### Exercise requirements
With the pictures removed, write out the full listing below exactly.

### Data
[Start of section]

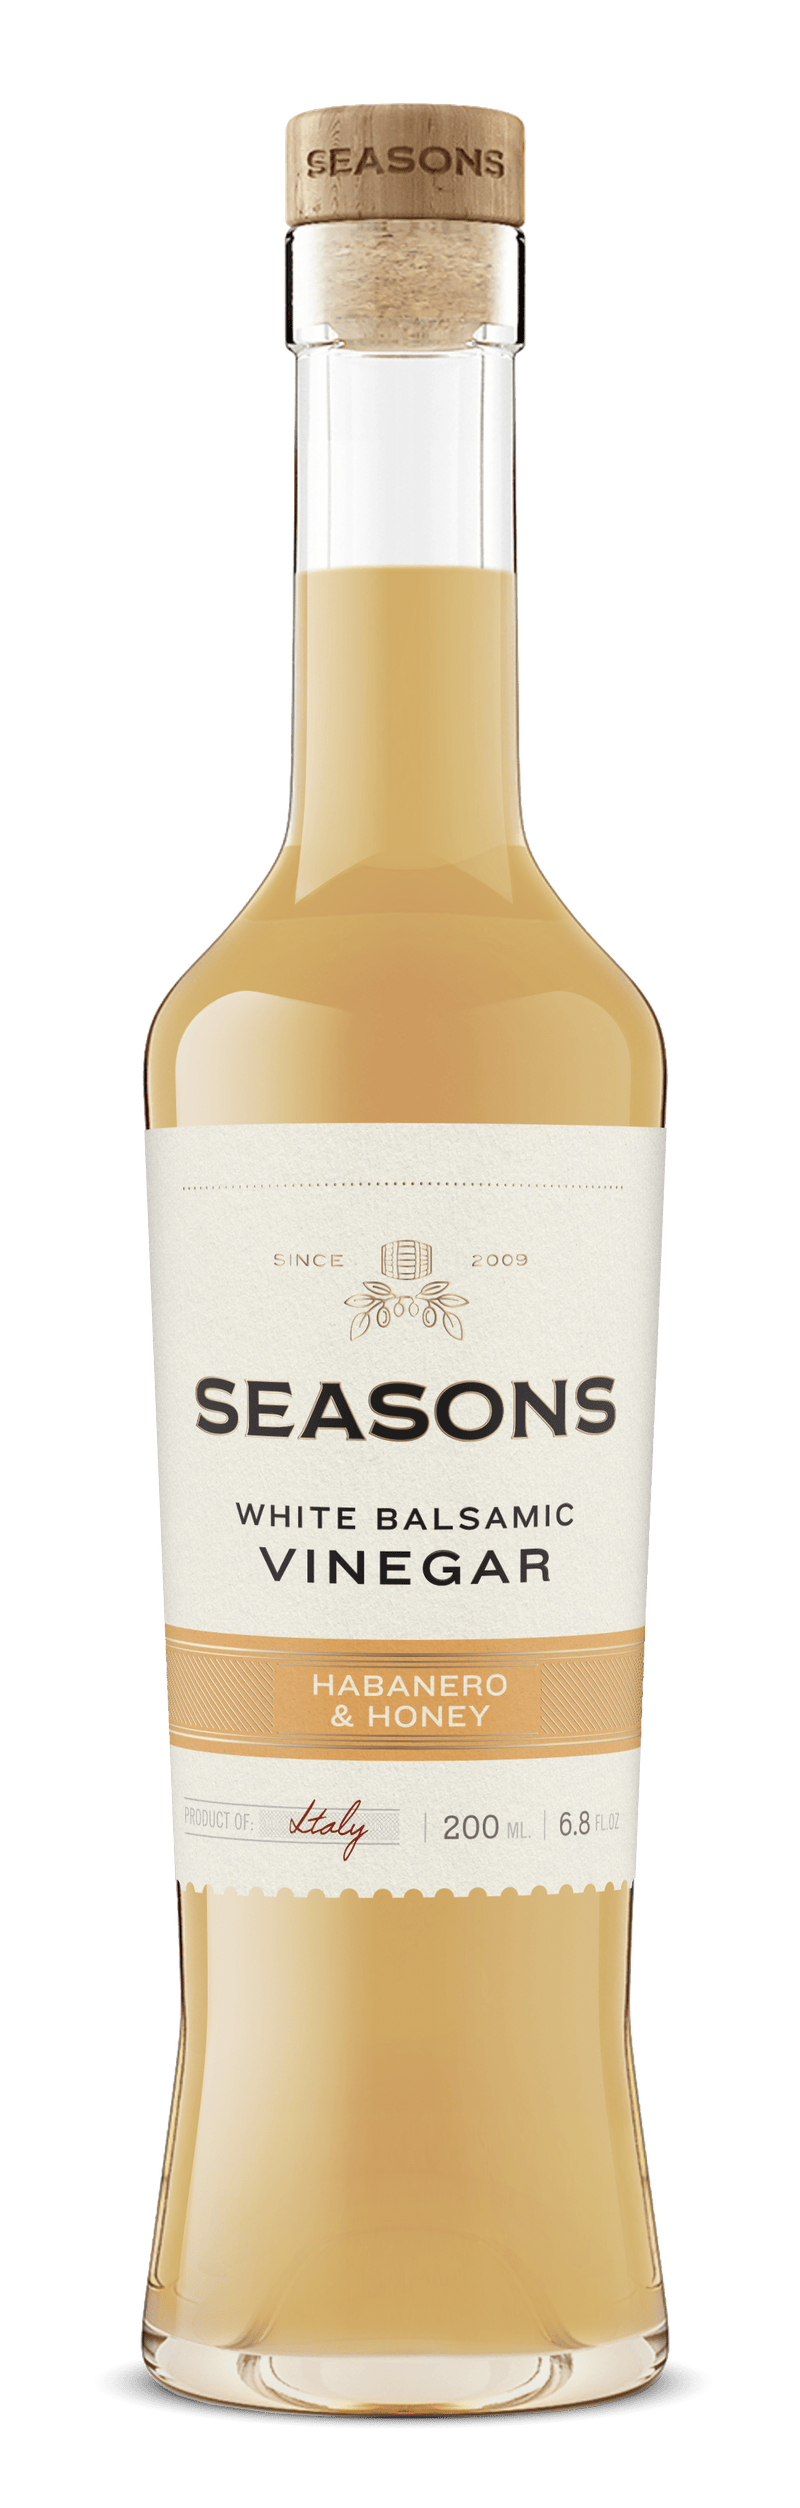 Seasons White Balsamic 200mL Habanero & Honey
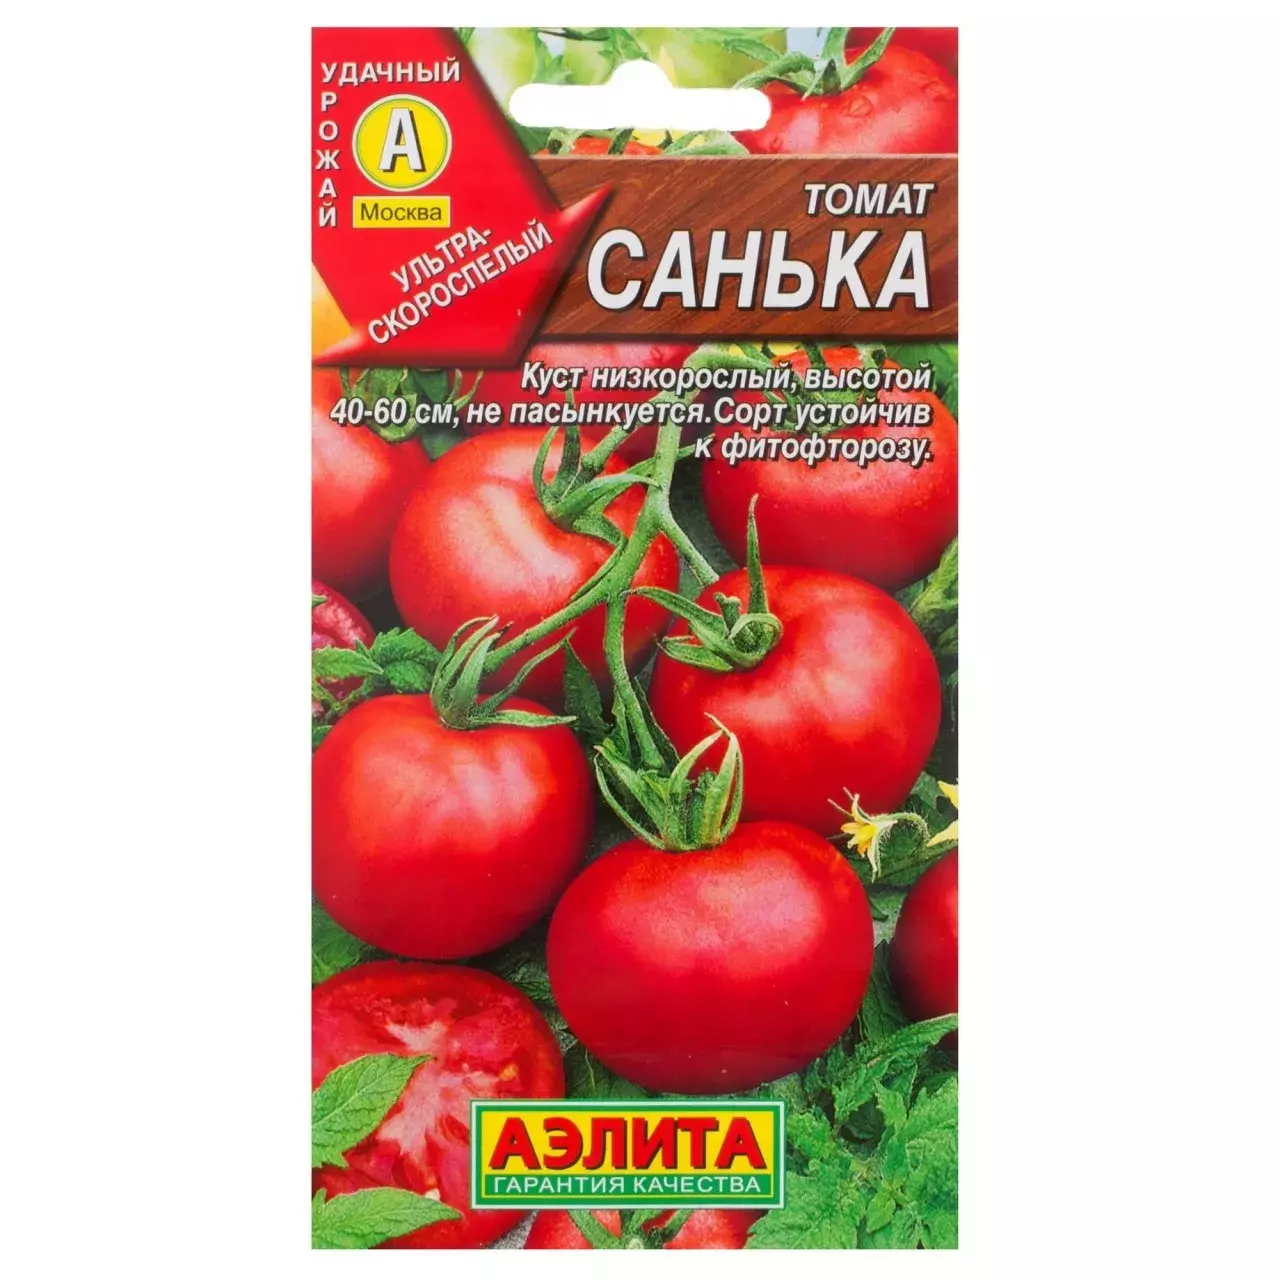 Способы использования томатов Санька 2023
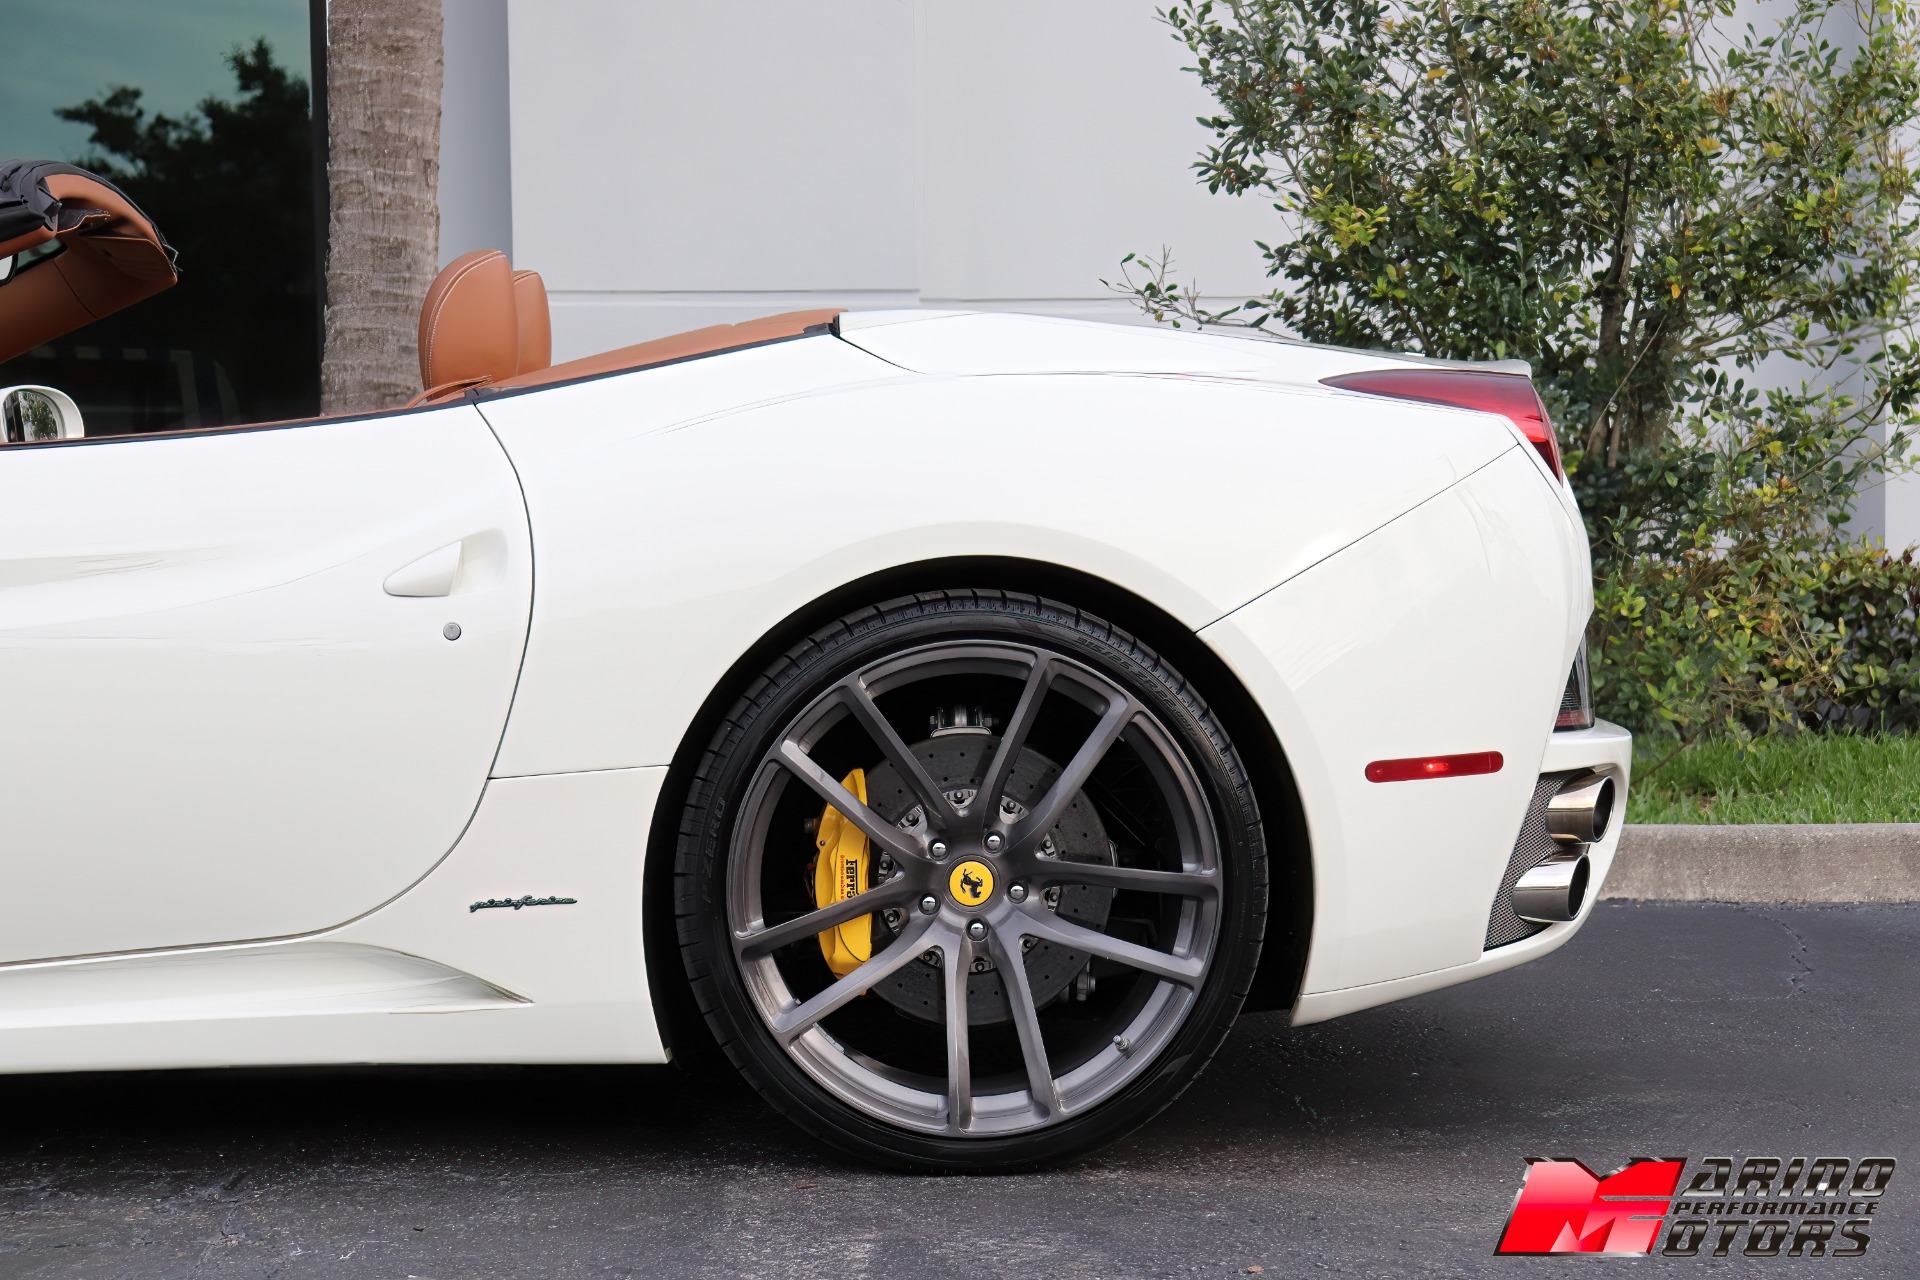 Used-2012-Ferrari-California

[End of section]

### Solution to the exercise
 Seasons White Balsamic 200mL Habanero & Honey
 Способы использования томатов Санька 2023
 Used-2012-Ferrari-California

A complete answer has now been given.